Pictures excluded, output the lines of the data below between the one holding "5b00409.png - Kangaroo PNG" and the one holding "JURAT DELS PREMIS AJAC IXOCTUBRE DE 2014-2", inclusive, exactly as they stand.

-- Given records --

BEGIN

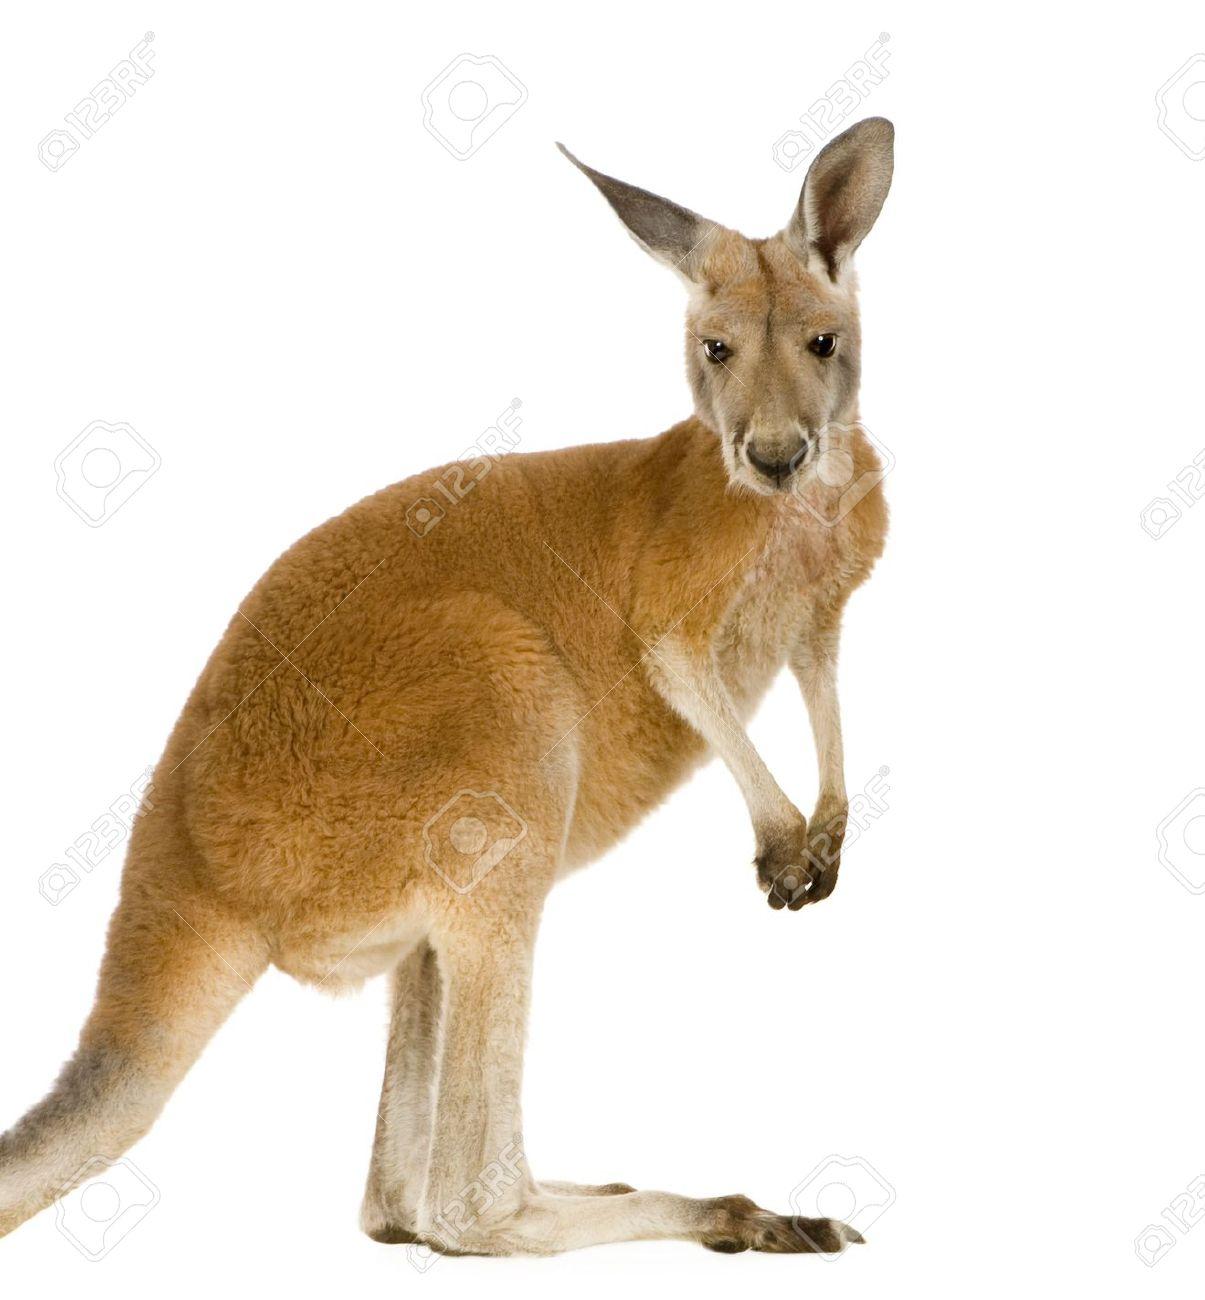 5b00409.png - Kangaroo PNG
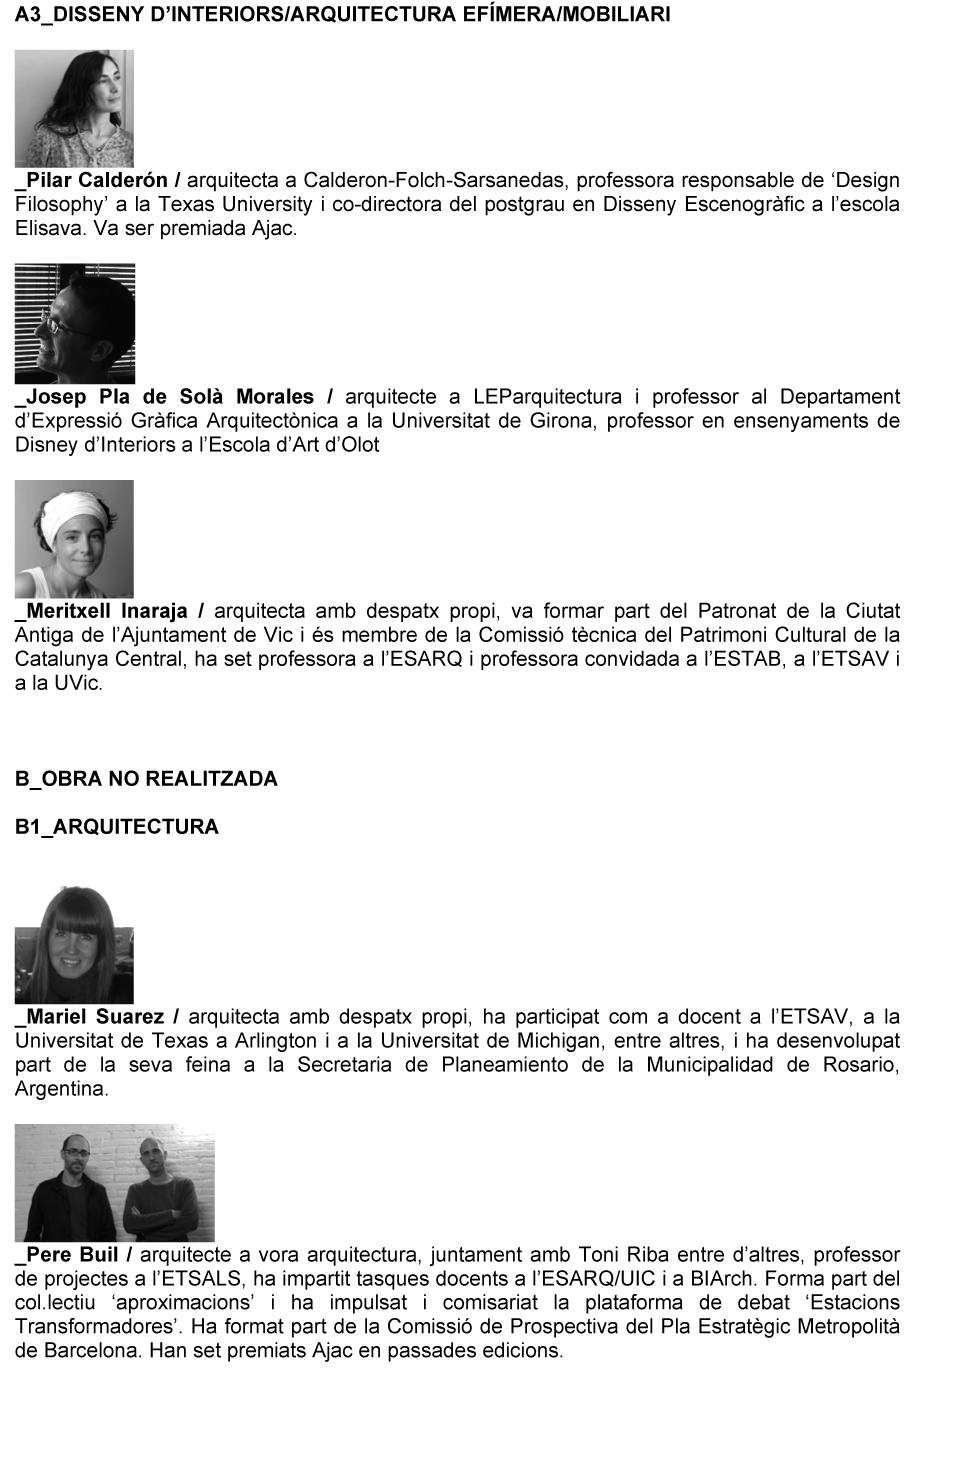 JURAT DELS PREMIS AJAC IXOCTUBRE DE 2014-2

END
BEGIN

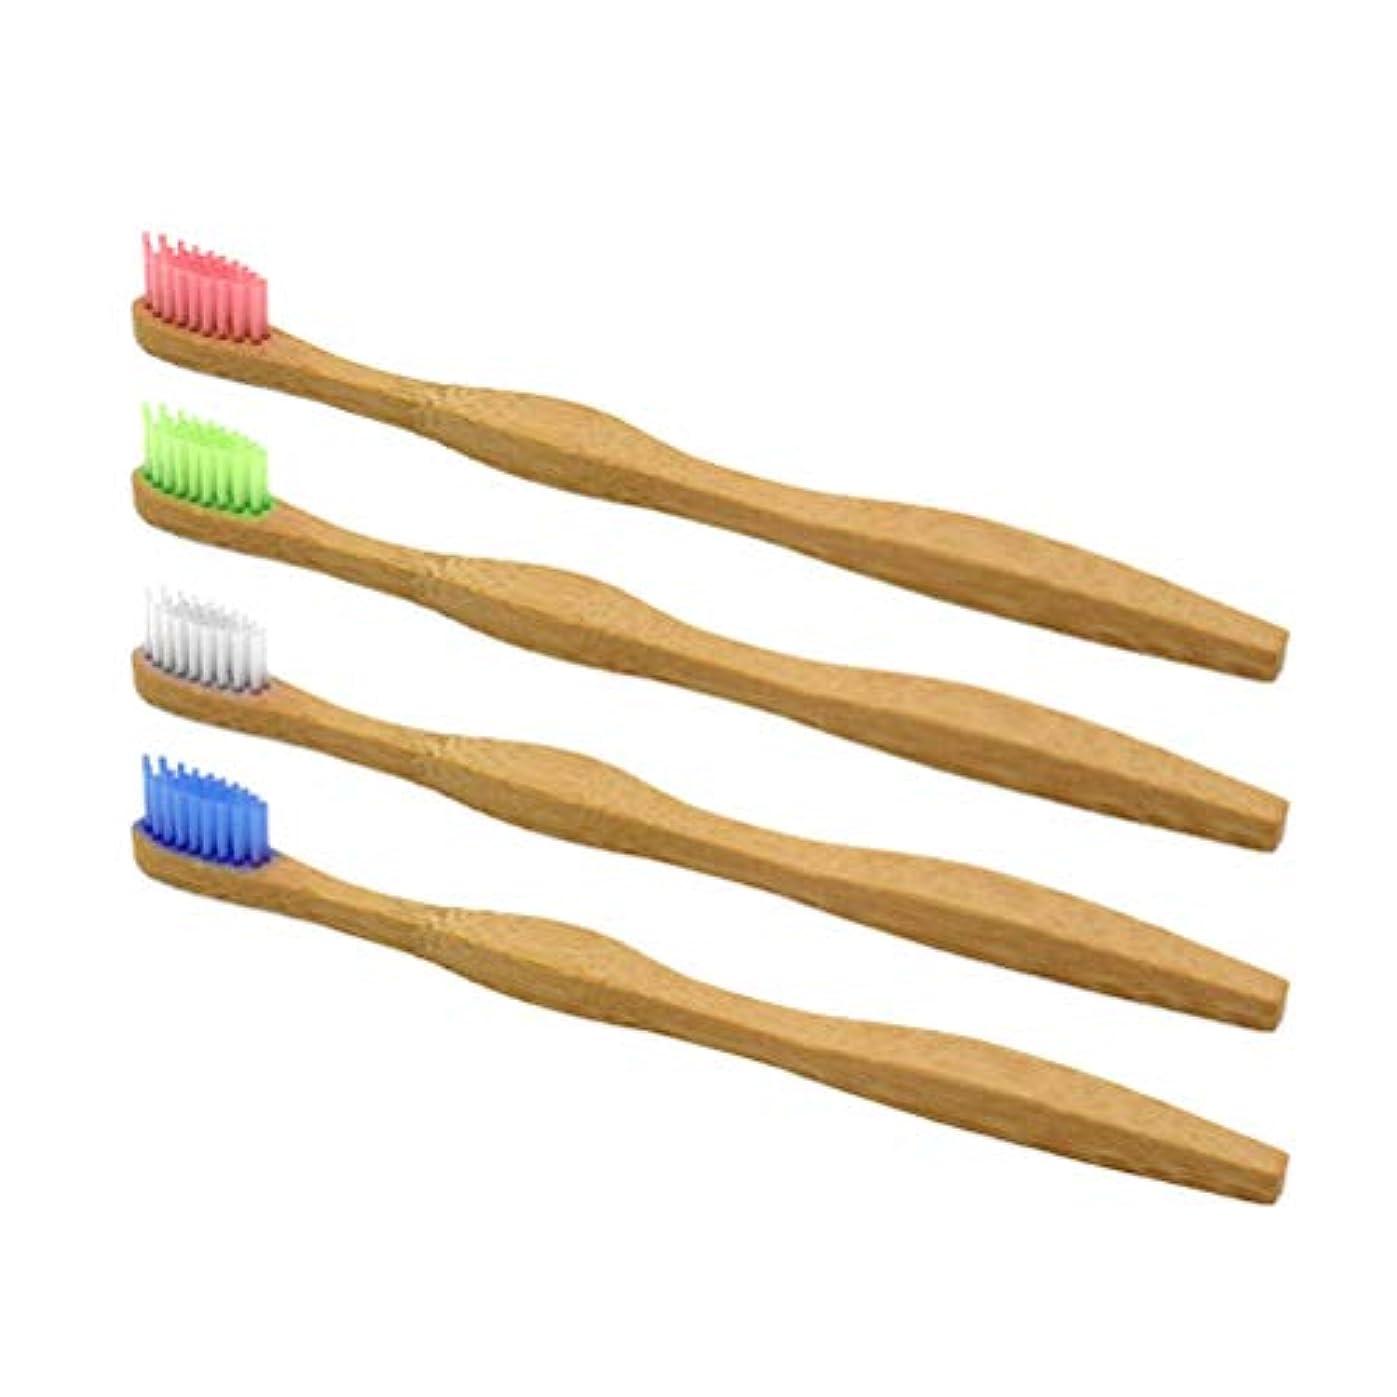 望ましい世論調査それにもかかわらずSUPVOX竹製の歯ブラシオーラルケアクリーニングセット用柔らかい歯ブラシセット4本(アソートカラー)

END

-- The completed task --
 5b00409.png - Kangaroo PNG
 JURAT DELS PREMIS AJAC IXOCTUBRE DE 2014-2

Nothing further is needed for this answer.